Fukuzawa described his difficulties with translation: ‘when I came upon the word “competition” for which there was no equivalent in Japanese, and I was obliged to use an invention of my own, “kyoso”, literally, “race-fight”. When the official saw my translation, he appeared much impressed. Then he said suddenly, “here is the word ‘fight’. What does it mean? It is such an unpeaceful word”.’ Fukuzawa tried to explain, but the official refused to take the translation to his superior because the word fight was not conducive to peace. Fukuzawa then commented acidly. ‘I suppose he would rather have seen some such phrase as “men being kind to each other” in a book on economics, or a man’s loyalty to his lord, open generosity from a merchant in times of national stress, etc. But I said to him, “if you do not agree to the word ‘fight,’ I am afraid I shall have to erase it entirely. There is no other term that is faithful to the original.”’10

Yet alongside this very unpeaceful ‘race-fight’ with which Fukuzawa translated the quintessence of capitalism, there was another more peaceful and co-operative side. Competitive capitalists when trying to catch the largest fish, grow the largest vegetable, collect the largest set of stamps or race the fastest sailing boat, need people to be competitive with. They need to collaborate and share and compare, so all these activities were centred round friendships, groups, clubs and mutual recognition of skills and achievements.

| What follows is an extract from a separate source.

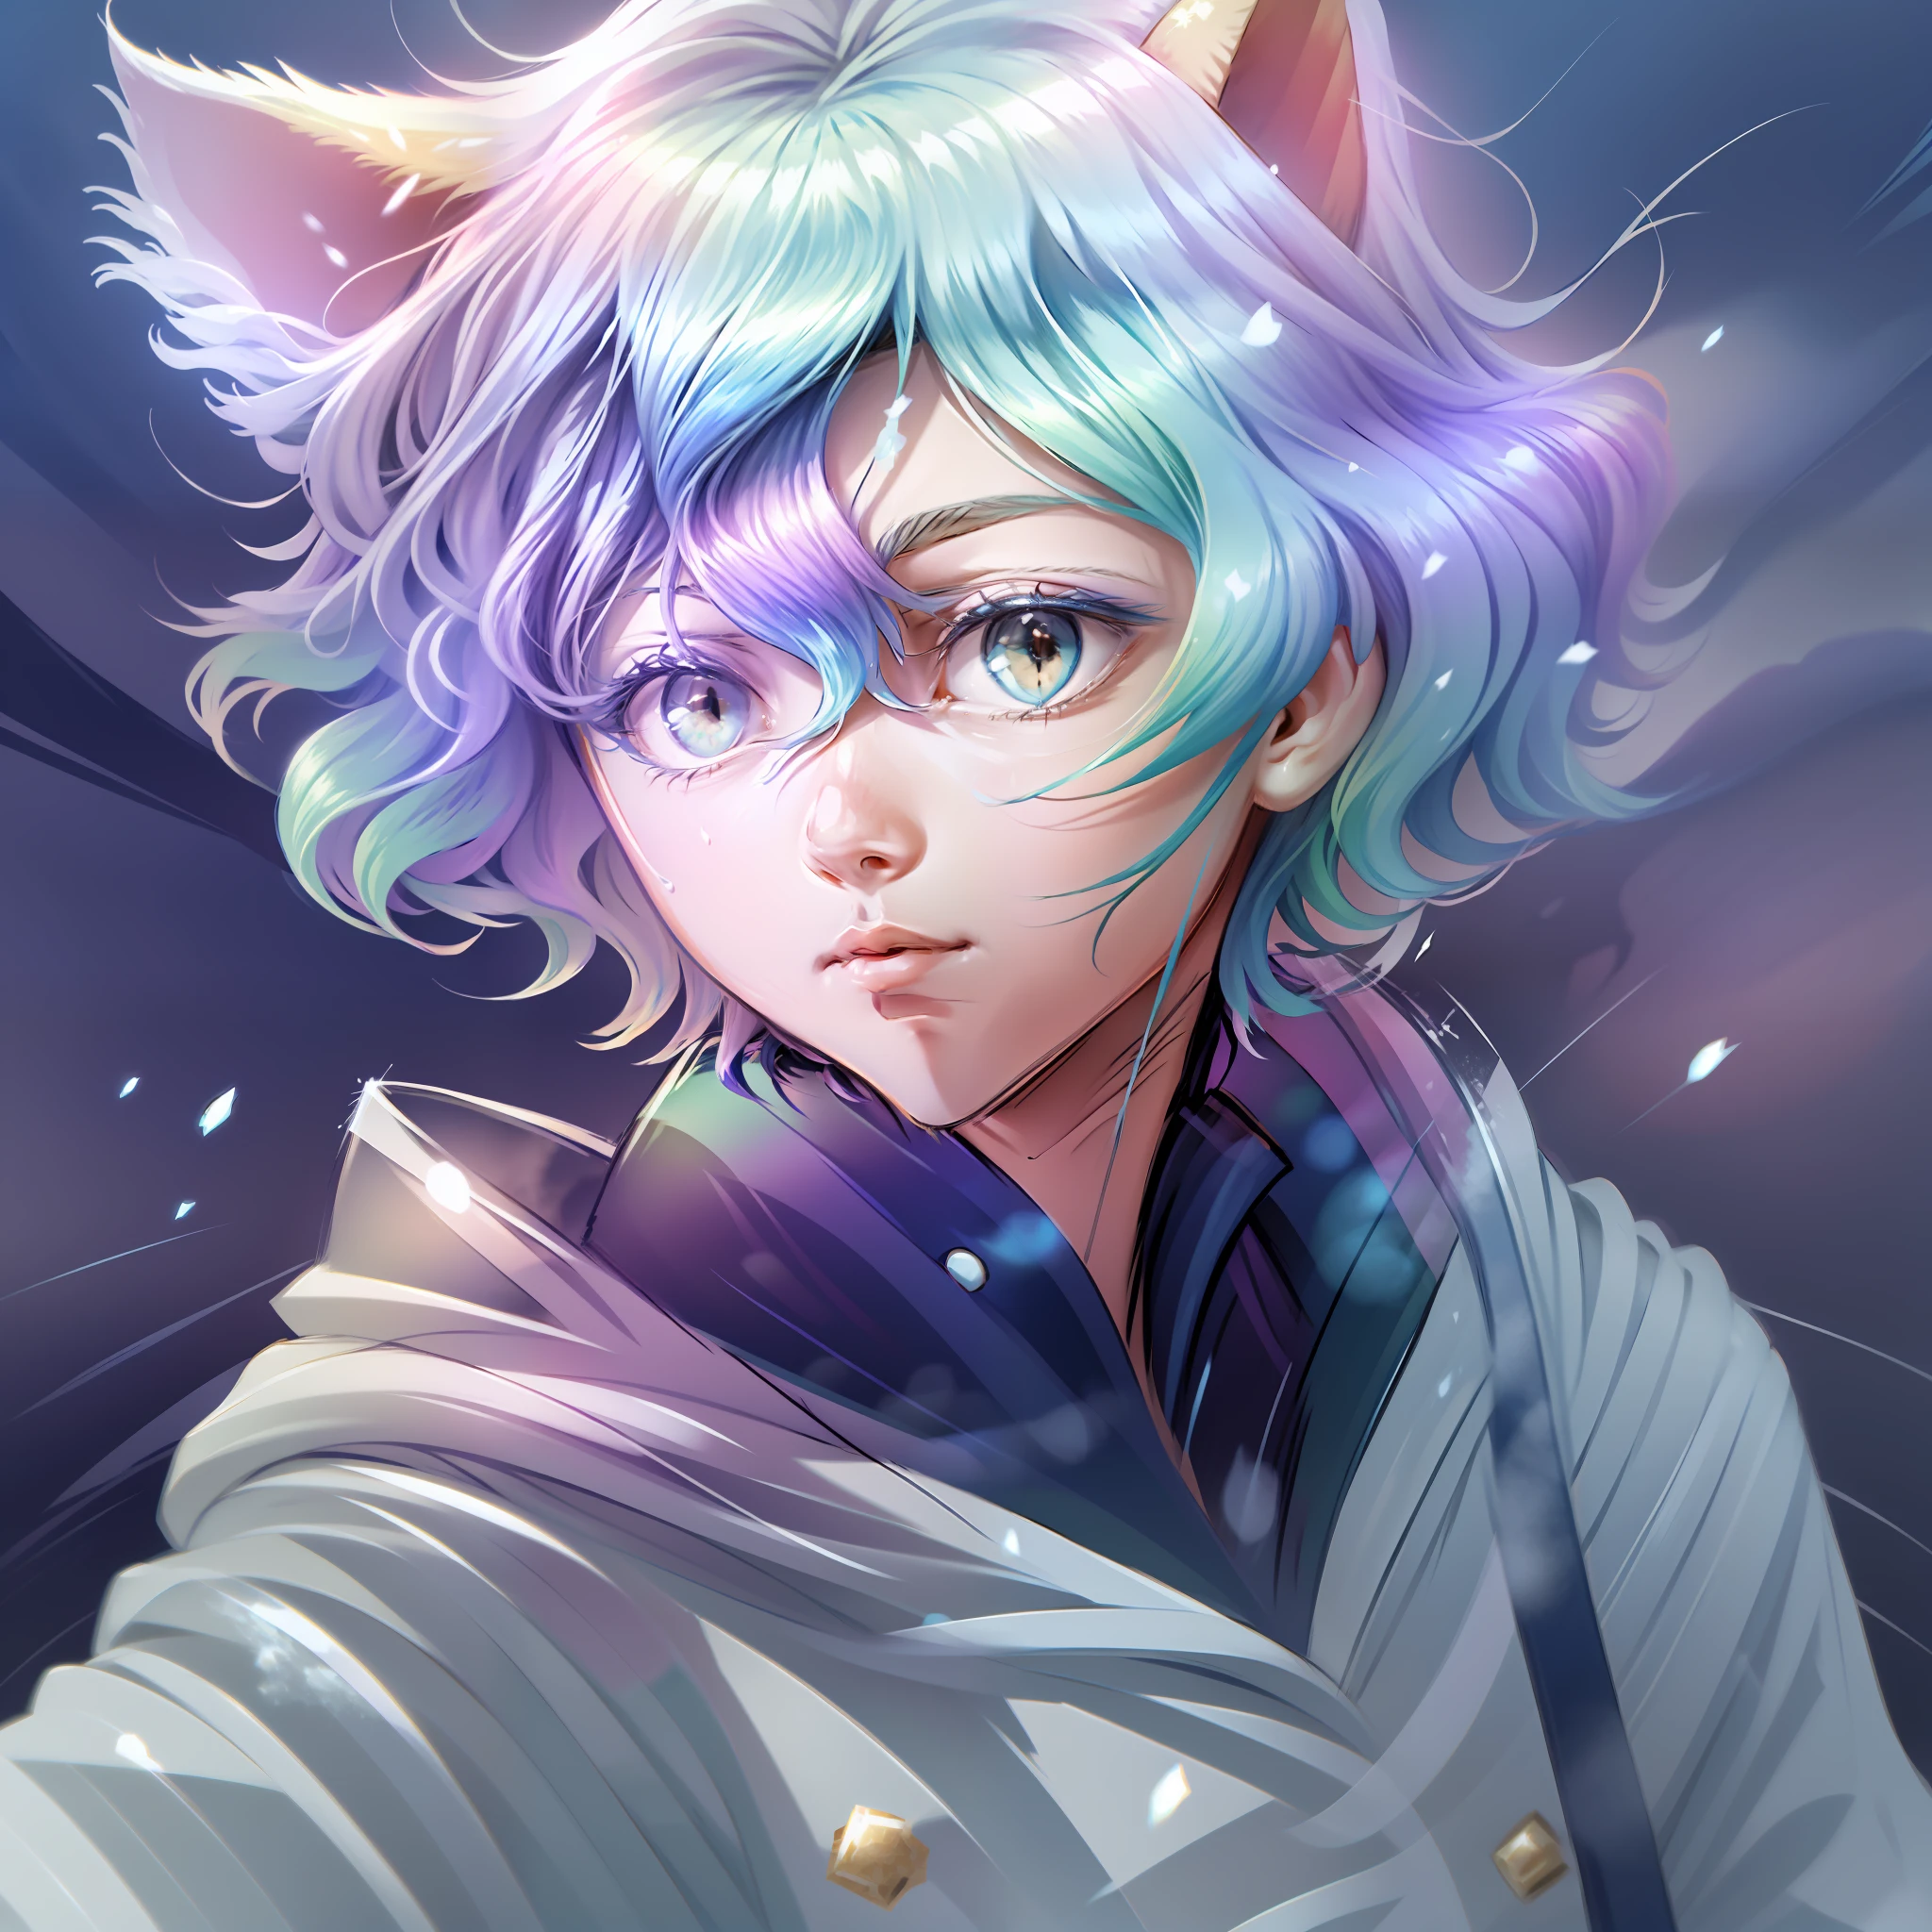 0.7>,Anime Junge,Schnee,(Männlich),Jacke,Diamant,mehrfarbige Haare,mehrfarbige Augen,Katzenohren auf dem Kopf

THE MULTIFARIOUS CLUBS, associations, hobbies and sports were given extra strength by the presence of those quintessentially English phenomena, the English inn and pub. The inn and the public house where a person could meet ‘friends’ are both an expression and a cementing of the patterns of association.

The prevalence of large inns throughout English towns and countryside, where people could stay the night and find food and drink, is a central feature of English social history, much celebrated, for example, in the novels of Charles Dickens. As I know from my own experience, if one travels around England, even if there are kin living near one’s route, one often goes to stay in an inn or ‘bed and breakfast’ rather than ‘putting the family to trouble’.

At the next level was something equally notable, the ubiquity and centrality of the alehouse and pub where drink could be bought and conversation with friends or strangers was possible.  This was supplemented from the middle of the seventeenth century as the new drinks of coffee and tea became popular by the tea and coffee houses found in cities and towns

Harbison notes the oddness of a ‘public place’ which yet feels exclusive, cosy and intimate, where strangers can become temporary friends, where a semi-family atmosphere can emerge.:

There is a remarkable English institution more homey than any home can sensibly be and more old-fashioned, an institution public in a way peculiar to itself. Americans, who forget that pub comes from public, take it for a special sound signifying coziness and contentment, and it becomes an idea so potent no single embodiment can live up to it… Though every European country had village inns, elsewhere they have become gleaming cafés, while in England they are more villagy than ever, more like burrows.11

People with a relatively large disposable income and spare time, not basing their lives on exclusive kinship or caste groupings, needed places to meet and associate. Close friends might come into one’s house. But having a bounded, protected, half-public, half-private space in another person’s house gave people who were unrelated a chance to meet and chat. In effect, every village and town had for many centuries one or several ‘community centres’ at its heart – the village inn, tavern or alehouse.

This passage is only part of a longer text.